Syndicate covering transactions involve purchases of the common shares in the open market after the distribution has been completed in order to cover syndicate short positions. In determining the source of shares to close out the short position, an underwriter will consider, among other things, the price of shares available for purchase in the open market as compared to the price at which they may purchase shares through the over-allotment option. If an underwriter sells more shares than could be covered by the over-allotment option, a naked short position, the position can only be closed out by buying shares in the open market. A naked short position is more likely to be created if an underwriter is concerned that there could be downward pressure on the price of the shares in the open market after pricing that could adversely affect investors who purchase in the offering.
Penalty bids permit representatives to reclaim a selling concession from a syndicate member when the common shares originally sold by the syndicate member is purchased in a stabilizing or syndicate covering transaction to cover syndicate short positions.
These stabilizing transactions, syndicate covering transactions and penalty bids may have the effect of raising or maintaining the market price of our common shares or preventing or retarding a decline in the market price of the common shares.

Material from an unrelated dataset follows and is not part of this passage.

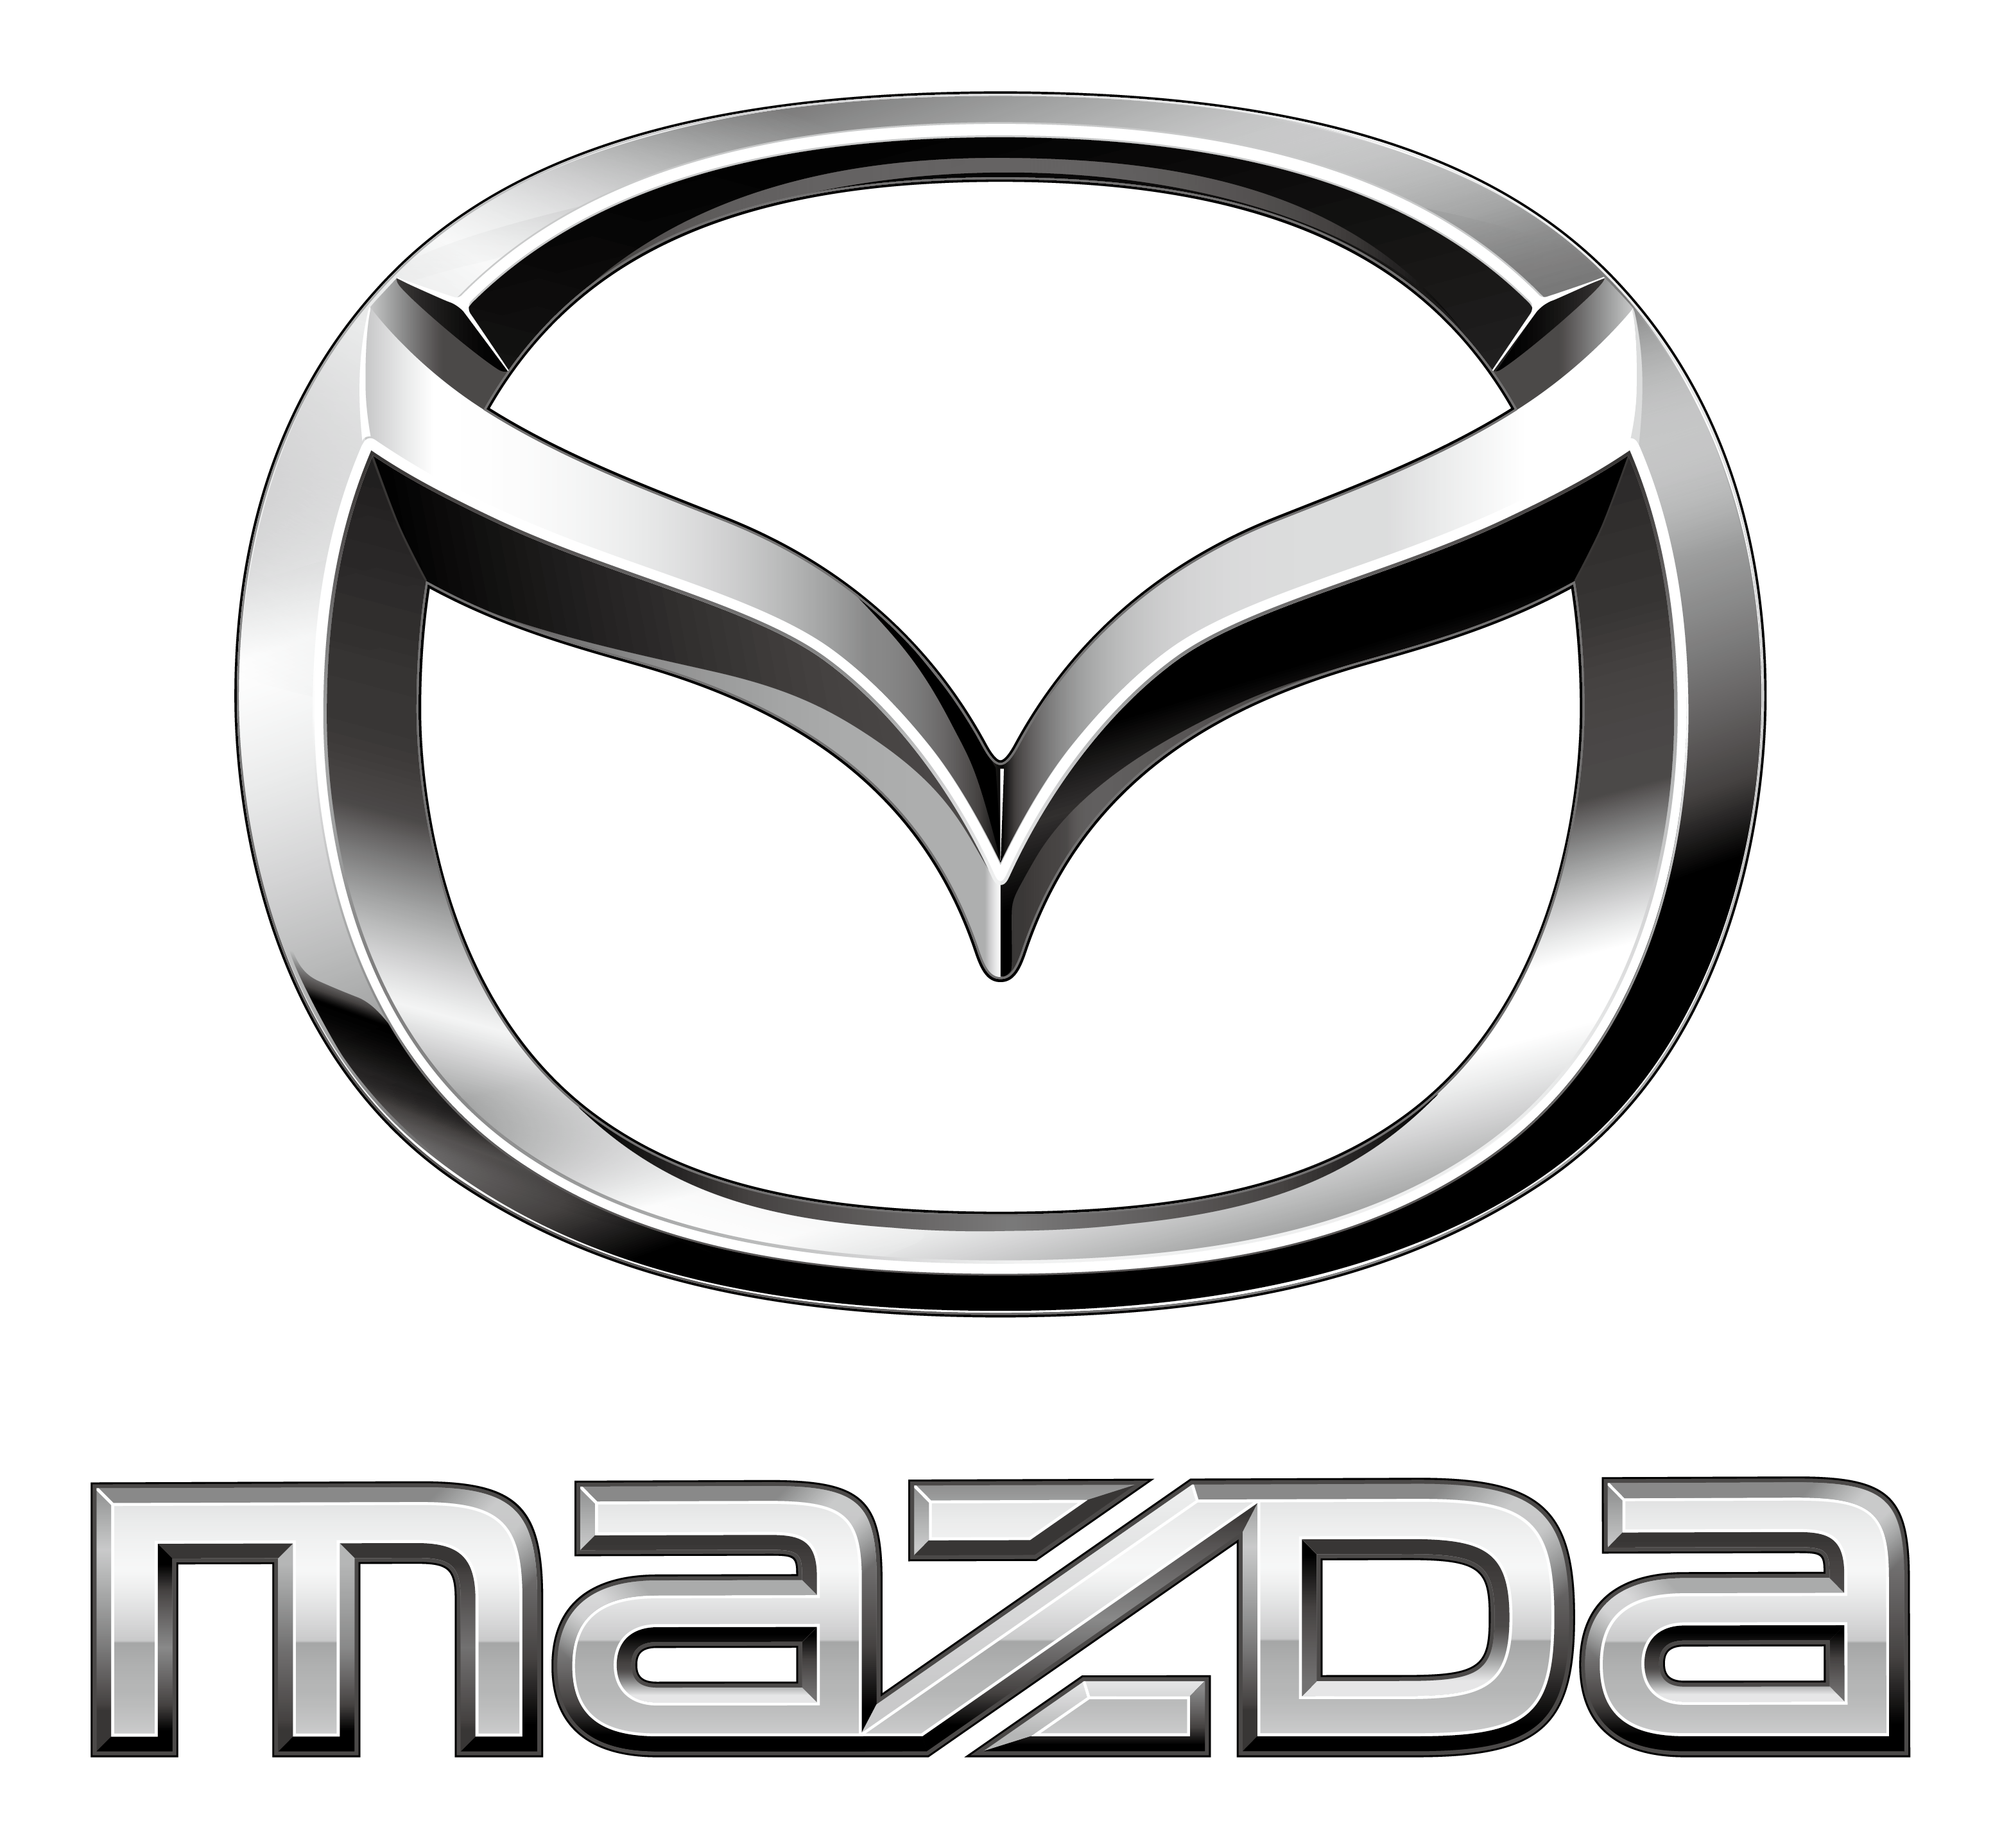 Carrosserie - Marche Pieds Mazda

As a result, the price of our common shares may be higher than the price that might otherwise exist in the open market. These transactions may be effected on Nasdaq or otherwise and, if commenced, may be discontinued at any time.
If we use dealers in the sale of securities, we will sell the securities to the dealers as principals. They may then resell those securities to the public at varying prices determined by the dealers at the time of resale. We will include in the prospectus supplement the names of the dealers and the terms of the transaction.
Direct Sales and Sales Through Agents
We may sell the securities directly, without the involvement of underwriters or agents. We also many sell the securities through agents we designate from time to time, who may be deemed to be underwriters as that term is defined in the Securities Act. In the prospectus supplement, we will name any agent involved in the offer or sale of the securities, and we will describe any commissions payable by us to the agent. Unless we inform you otherwise in the prospectus supplement, any agent will agree to use its reasonable best efforts to solicit purchases for the period of its appointment.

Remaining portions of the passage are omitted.